What needs to be done
Would it be possible to output exactly, and only, the lines below from the one holding "Cookies and sprinkles" to the last line, both included, with every picture left out?

Collected data
________________
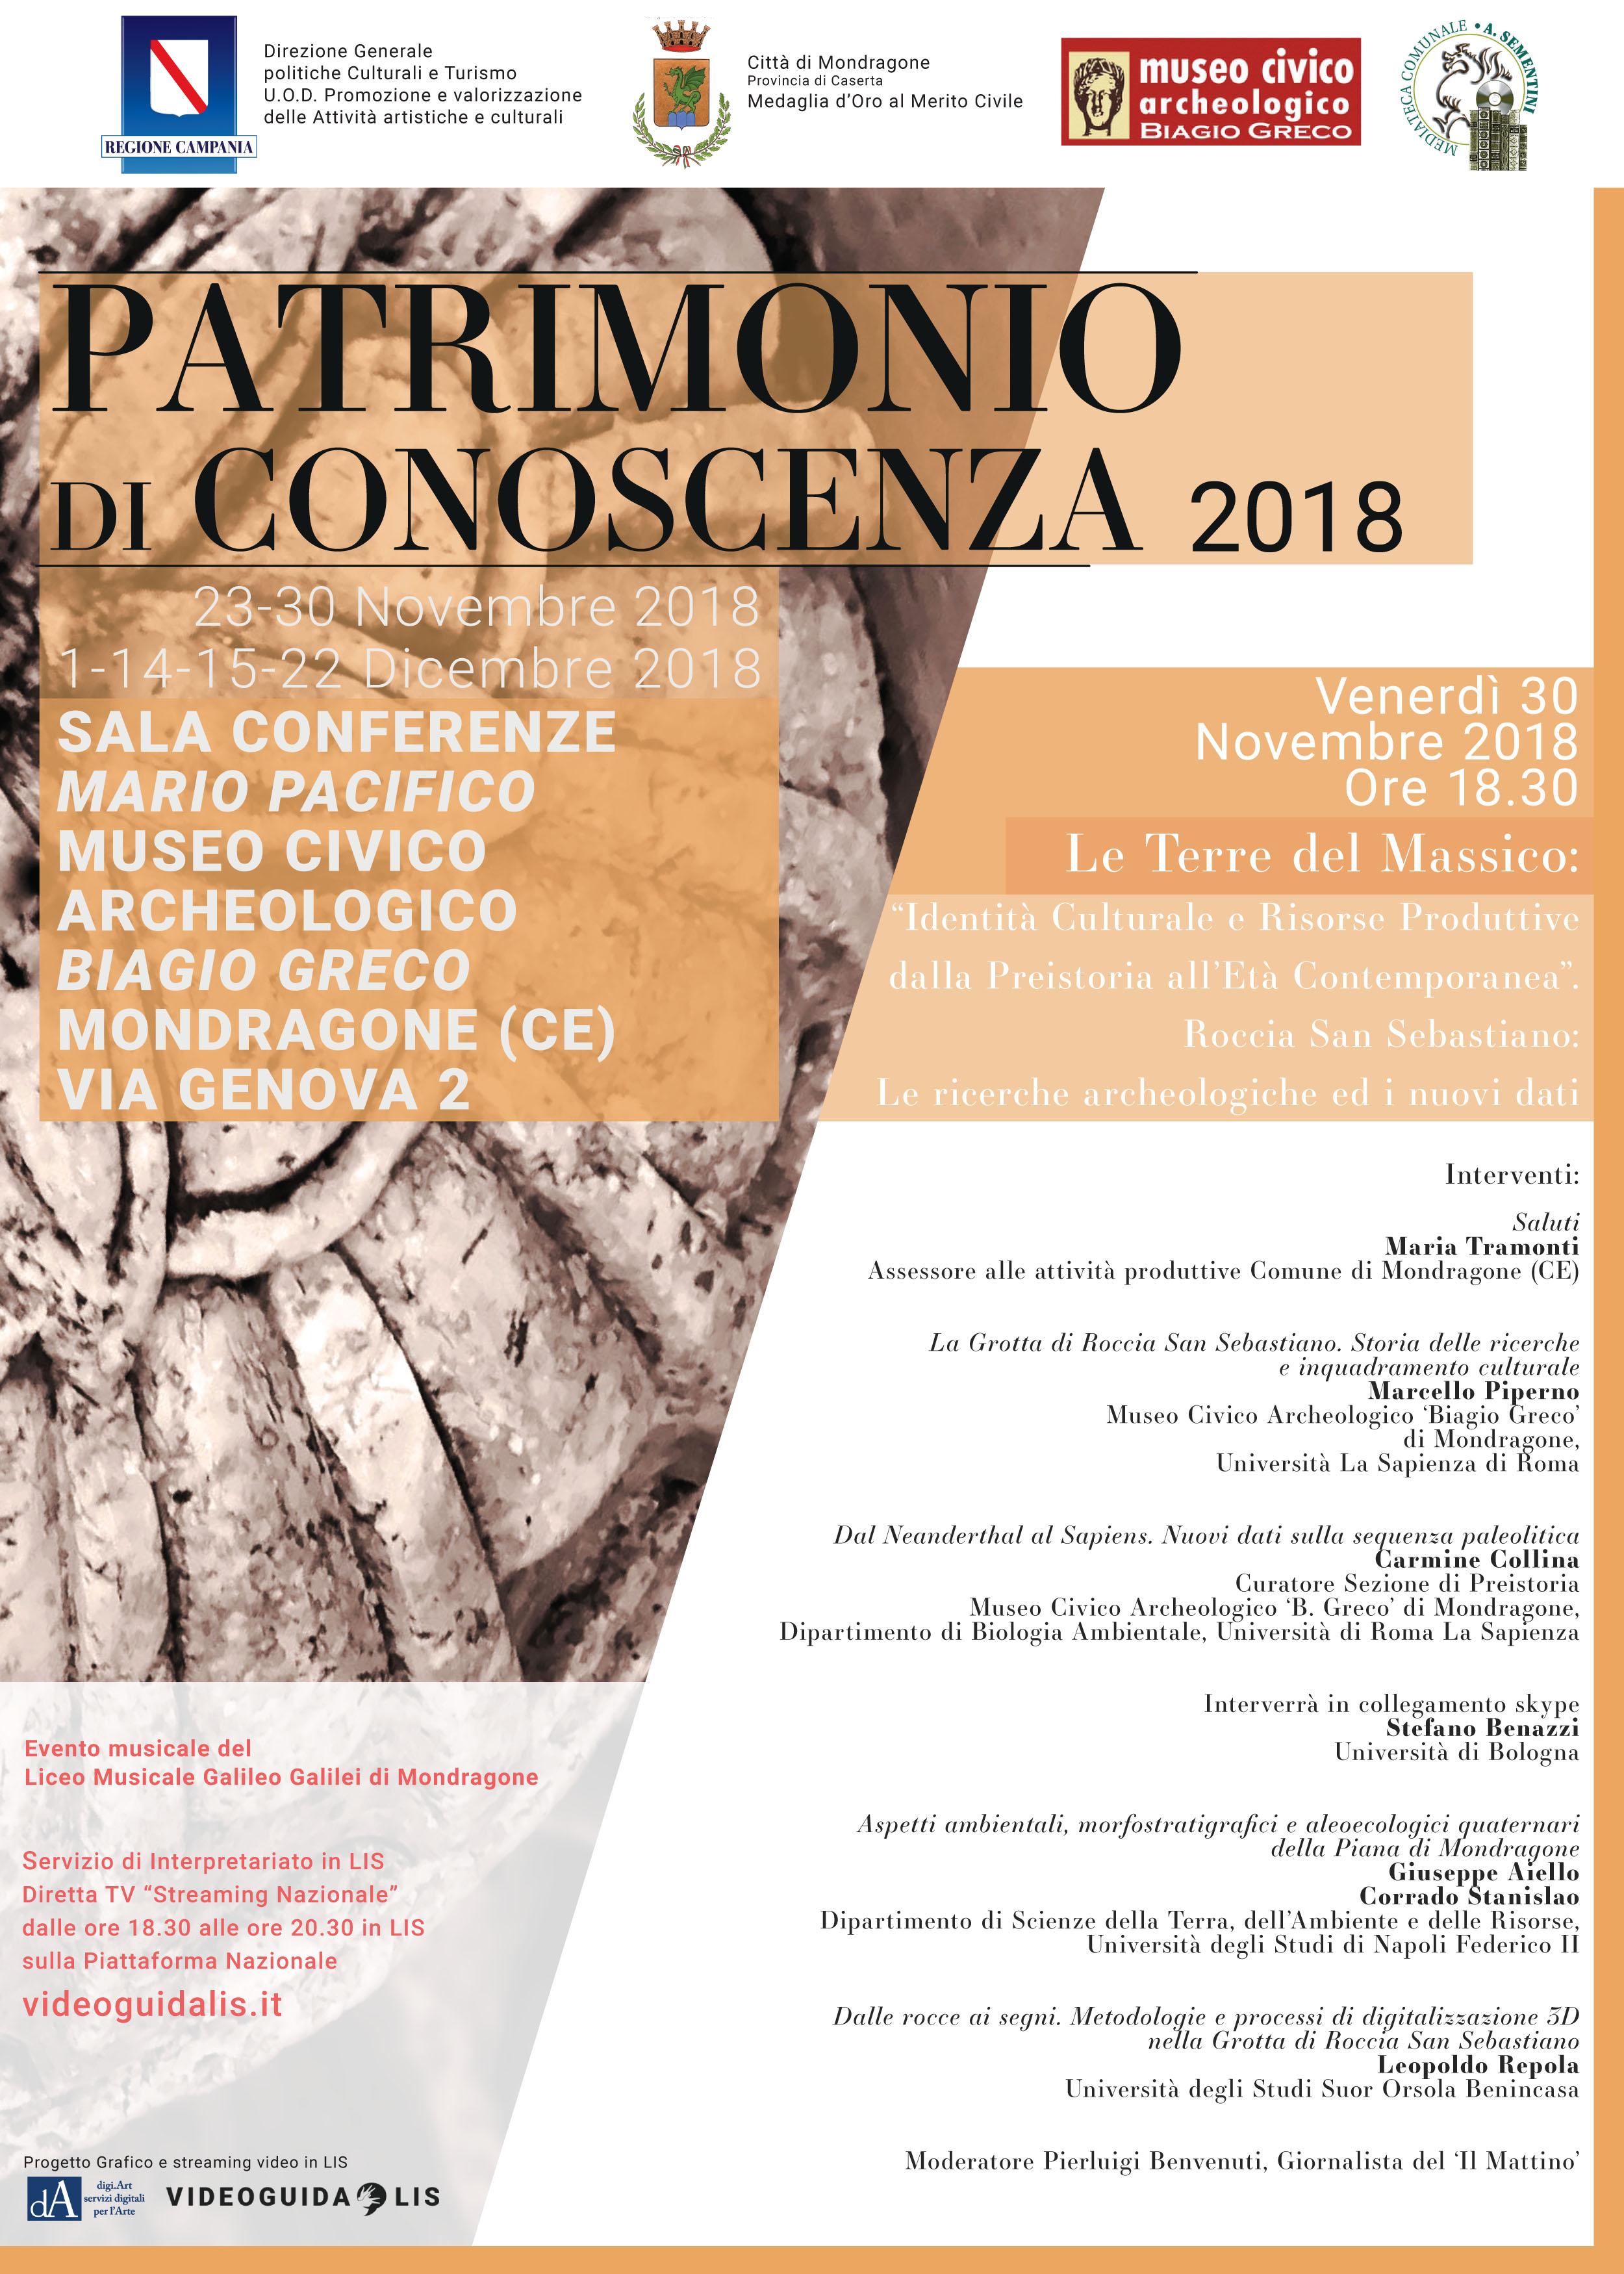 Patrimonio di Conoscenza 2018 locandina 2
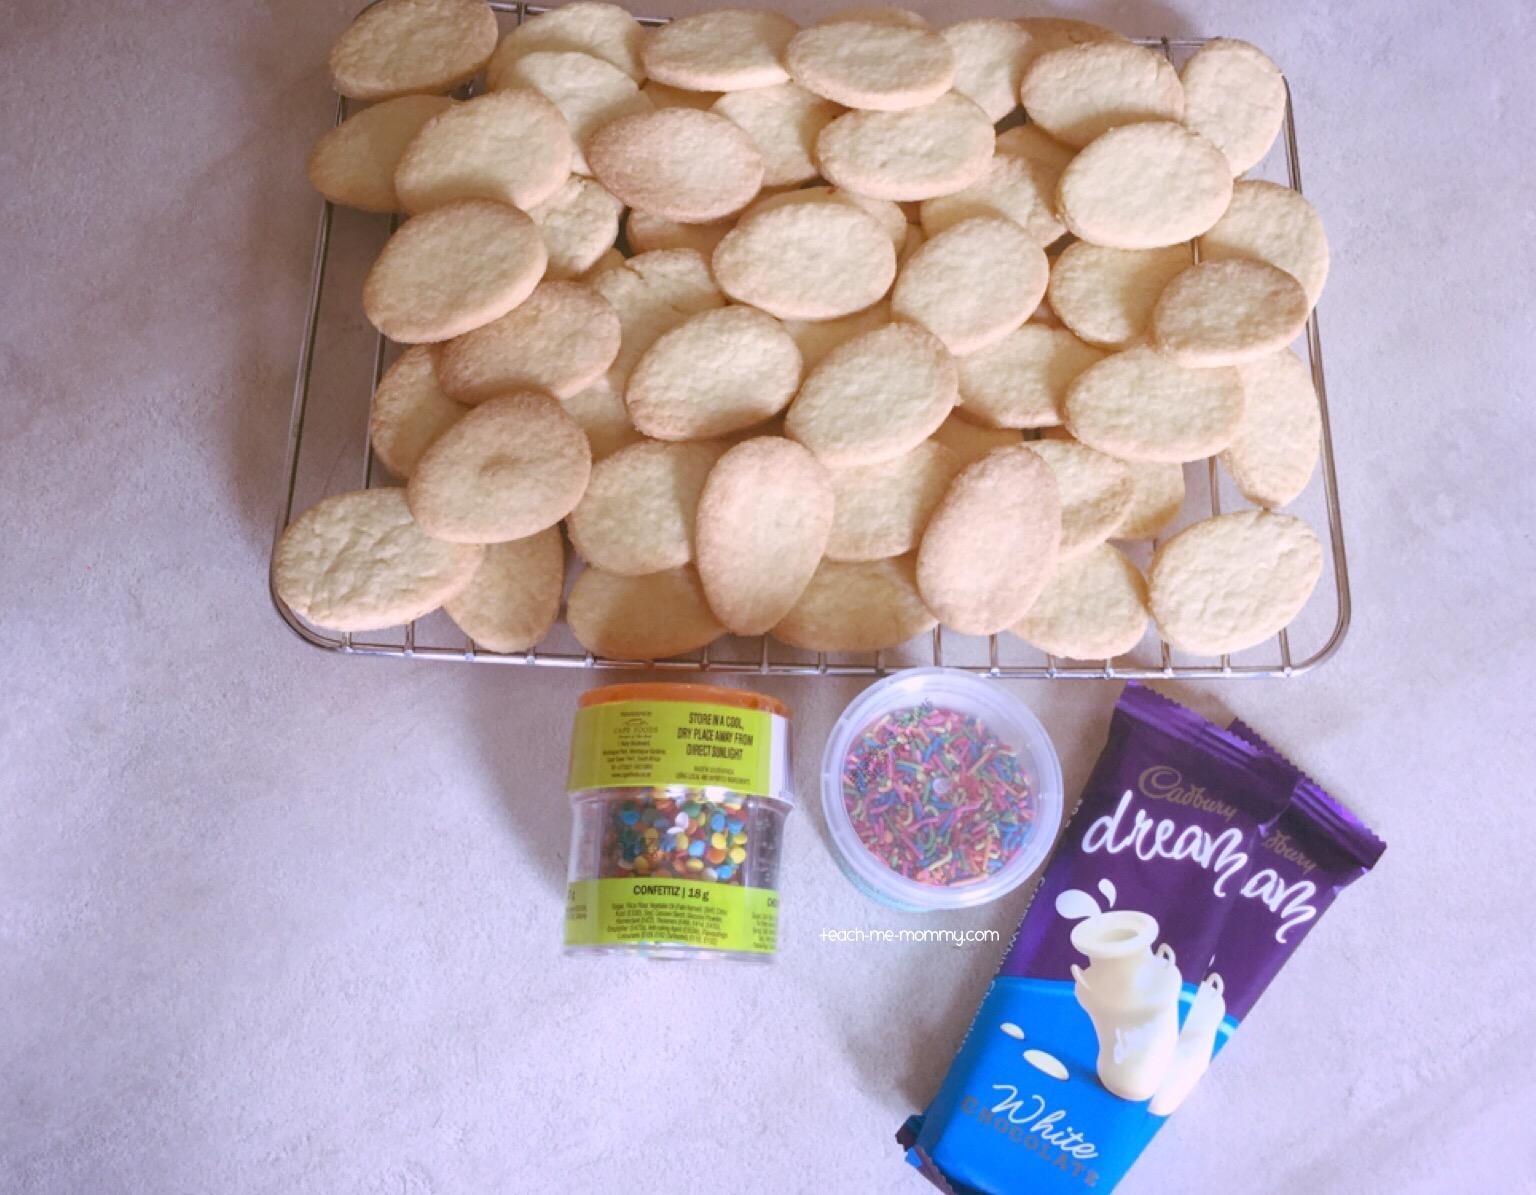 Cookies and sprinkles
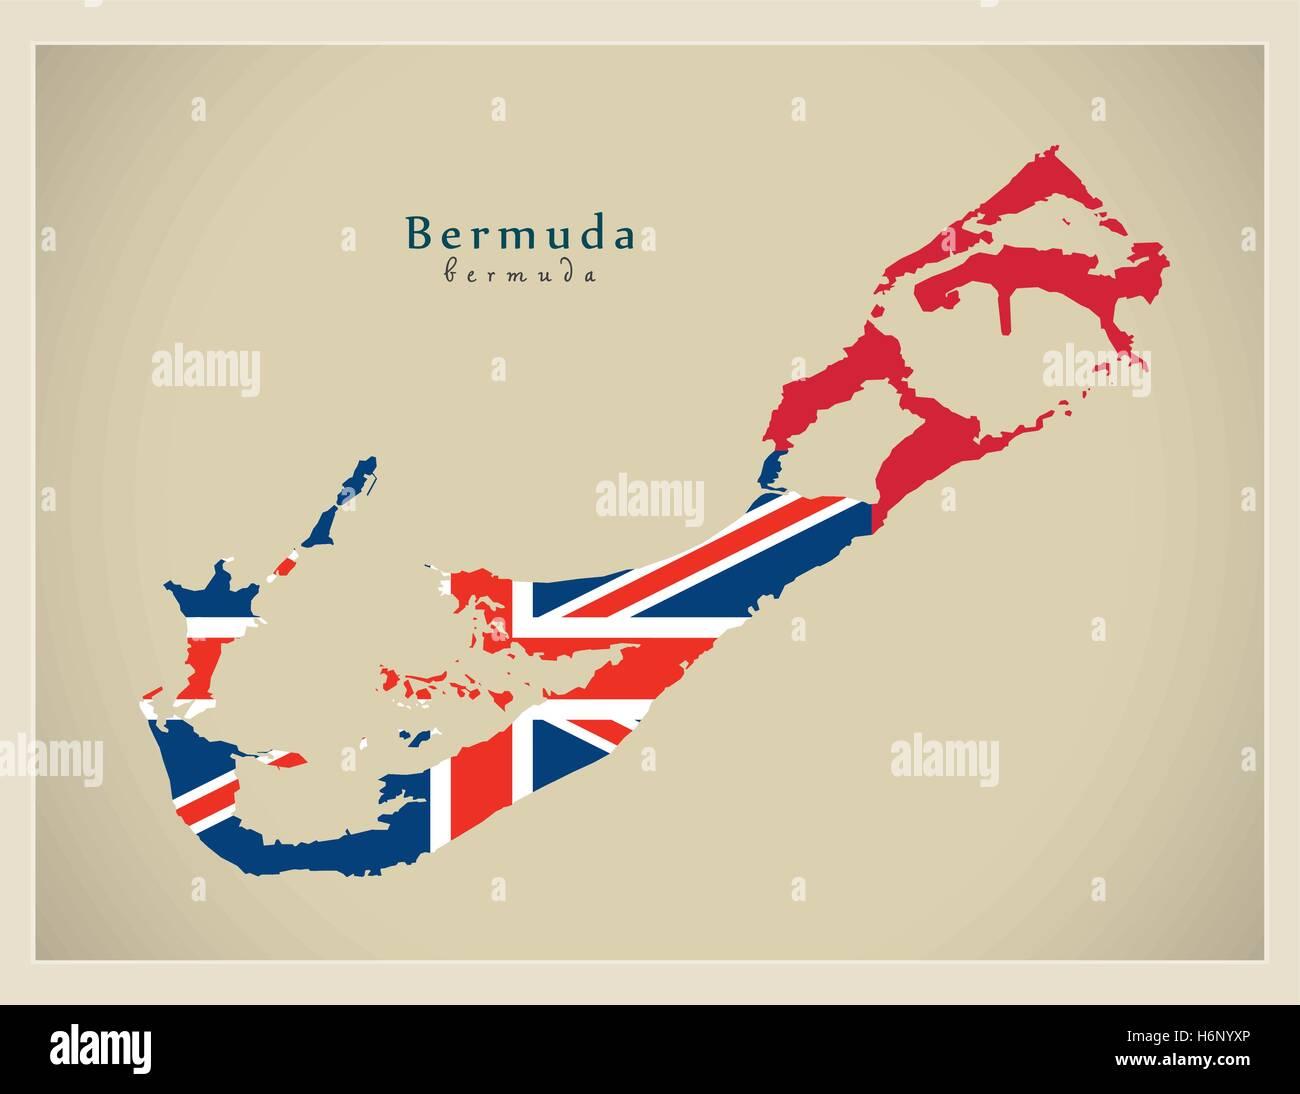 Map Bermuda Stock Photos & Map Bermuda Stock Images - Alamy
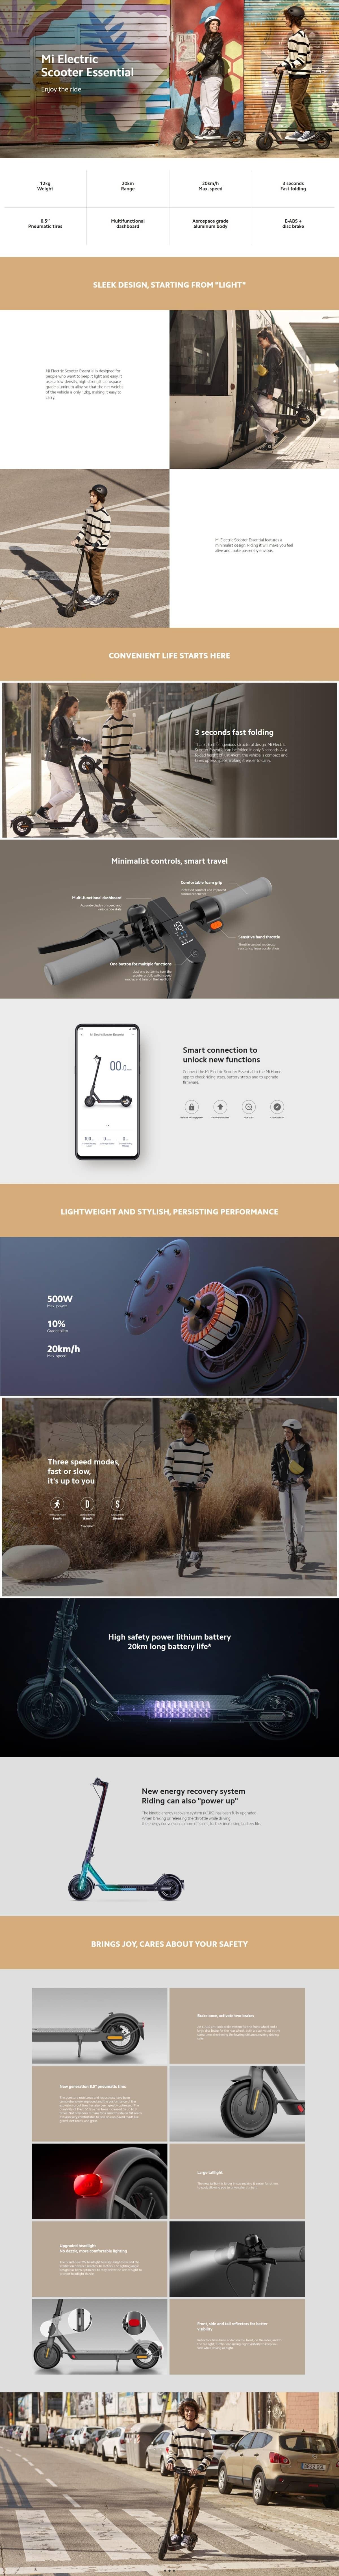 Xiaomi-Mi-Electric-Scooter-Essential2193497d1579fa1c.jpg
________________
Result of this exercise
 Cookies and sprinkles
 Map Bermuda Stock Photos & Map Bermuda Stock Images - Alamy
 Xiaomi-Mi-Electric-Scooter-Essential2193497d1579fa1c.jpg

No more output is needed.